Feature Propagation (Decoder)

The decoder upsamples features back to denser point sets using inverse-distance-weighted interpolation from the three nearest neighbors, then concatenates skip features.

class FeaturePropagation(nn.Module):
    def __init__(self, in_channel, mlp):
        super().__init__()
        layers = []
        last_channel = in_channel
        for out_channel in mlp:
            layers.append(nn.Conv1d(last_channel, out_channel, 1))
            layers.append(nn.BatchNorm1d(out_channel))
            layers.append(nn.ReLU())
            last_channel = out_channel
        self.mlp = nn.Sequential(*layers)

    def forward(self, xyz1, xyz2, feat1, feat2):
        """
        xyz1: (B, N, 3) dense points to upsample to
        xyz2: (B, S, 3) sparse points with features
        feat1: (B, N, C1) skip features from encoder (or None)
        feat2: (B, S, C2) features to propagate
        """
        dist = torch.cdist(xyz1, xyz2)                       # (B, N, S)
        dist, idx = dist.sort(dim=-1)
        dist, idx = dist[:, :, :3], idx[:, :, :3]            # 3 nearest

        weight = 1.0 / (dist + 1e-8)
        weight = weight / weight.sum(dim=-1, keepdim=True)   # (B, N, 3)

        interp = torch.sum(
            index_points(feat2, idx) * weight.unsqueeze(-1), dim=2
        )                                                    # (B, N, C2)

        if feat1 is not None:
            new_feat = torch.cat([feat1, interp], dim=-1)
        else:
            new_feat = interp

        new_feat = new_feat.permute(0, 2, 1)                 # (B, C, N)
        new_feat = self.mlp(new_feat)
        return new_feat.permute(0, 2, 1)                     # (B, N, mlp[-1])

A Segmentation Model and Training Loop

We assemble a compact encoder-decoder for the S3DIS dataset (Stanford 3D Indoor Spaces), which labels indoor points into 13 classes such as floor, wall, chair, table, and door.

class PointNet2Seg(nn.Module):
    def __init__(self, num_classes=13):
        super().__init__()
        # Encoder
        self.sa1 = SetAbstraction(1024, 0.1, 32, in_channel=6, mlp=[32, 32, 64])
        self.sa2 = SetAbstraction(256, 0.2, 32, in_channel=64, mlp=[64, 64, 128])
        self.sa3 = SetAbstraction(64, 0.4, 32, in_channel=128, mlp=[128, 128, 256])
        # Decoder
        self.fp3 = FeaturePropagation(256 + 128, [256, 128])
        self.fp2 = FeaturePropagation(128 + 64, [128, 64])
        self.fp1 = FeaturePropagation(64, [64, 64])
        # Head
        self.head = nn.Sequential(
            nn.Conv1d(64, 64, 1), nn.BatchNorm1d(64), nn.ReLU(),
            nn.Dropout(0.5),
            nn.Conv1d(64, num_classes, 1),
        )

    def forward(self, xyz, features):
        l1_xyz, l1_feat = self.sa1(xyz, features)
        l2_xyz, l2_feat = self.sa2(l1_xyz, l1_feat)
        l3_xyz, l3_feat = self.sa3(l2_xyz, l2_feat)

        l2_feat = self.fp3(l2_xyz, l3_xyz, l2_feat, l3_feat)
        l1_feat = self.fp2(l1_xyz, l2_xyz, l1_feat, l2_feat)
        l0_feat = self.fp1(xyz, l1_xyz, None, l1_feat)

        logits = self.head(l0_feat.permute(0, 2, 1))         # (B, C, N)
        return logits.permute(0, 2, 1)                       # (B, N, C)

S3DIS points typically carry (x, y, z, r, g, b), so features holds the RGB plus normalized coordinates (6 channels here).
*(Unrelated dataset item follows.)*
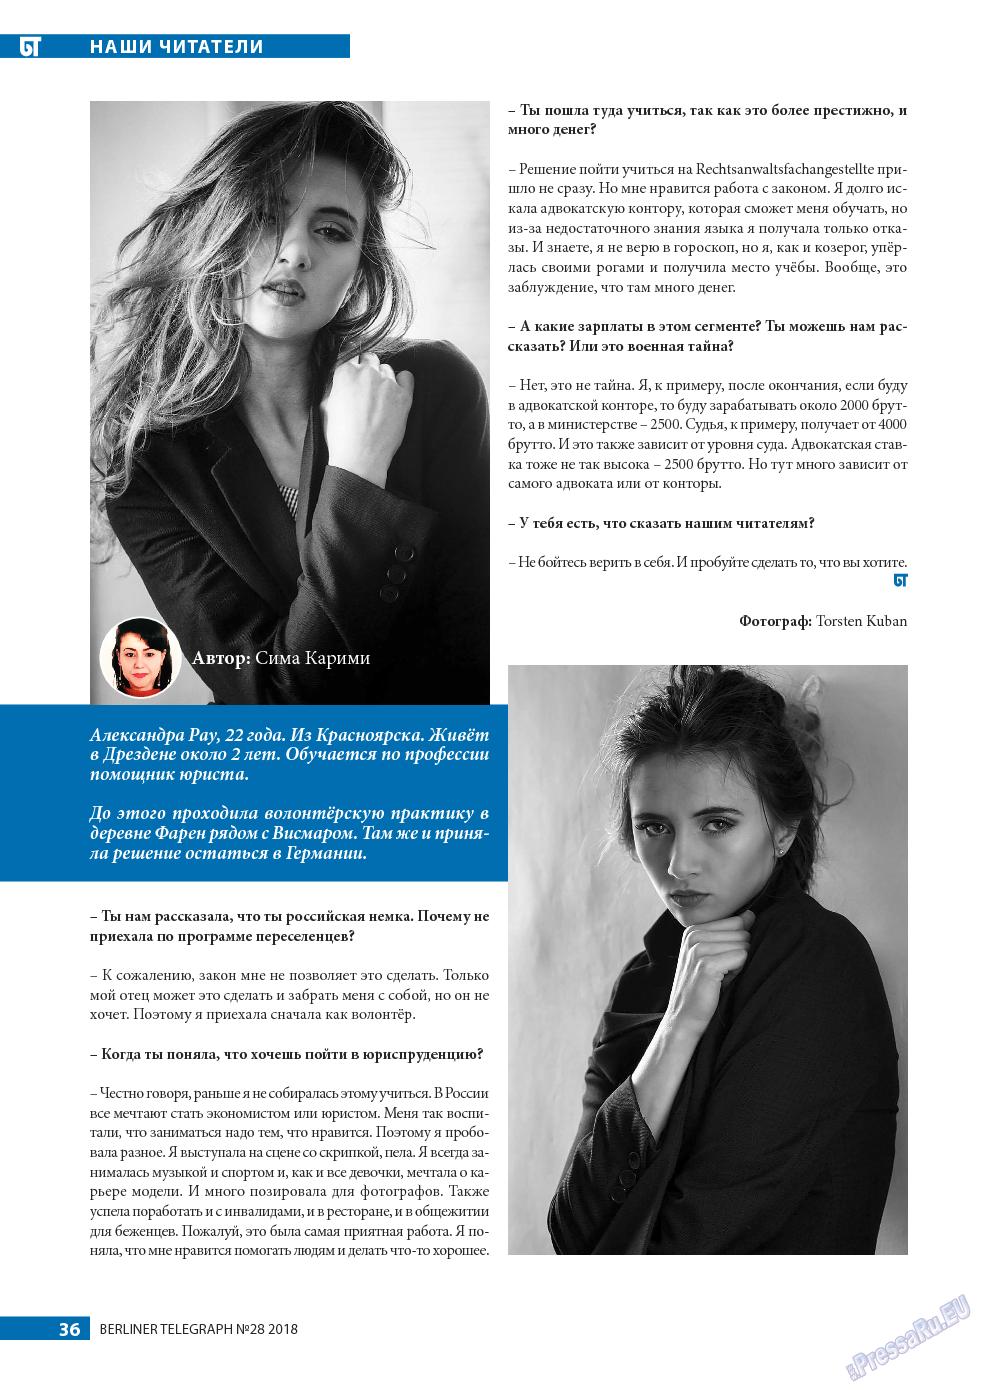 Берлинский телеграф (журнал). 2018 год, номер 28, стр. 36

A standard training loop uses per-point cross-entropy:

import torch.optim as optim

model = PointNet2Seg(num_classes=13).cuda()
optimizer = optim.Adam(model.parameters(), lr=1e-3, weight_decay=1e-4)
criterion = nn.CrossEntropyLoss()

for epoch in range(num_epochs):
    model.train()
    for xyz, feats, labels in train_loader:        # labels: (B, N)
        xyz, feats, labels = xyz.cuda(), feats.cuda(), labels.cuda()

        logits = model(xyz, feats)                  # (B, N, C)
        loss = criterion(logits.reshape(-1, 13), labels.reshape(-1))

        optimizer.zero_grad()
        loss.backward()
        optimizer.step()

Tip: S3DIS scenes are large, so the standard practice is to split rooms into overlapping blocks (for example 1m x 1m columns) and randomly sample a fixed number of points (such as 4096) per block during training.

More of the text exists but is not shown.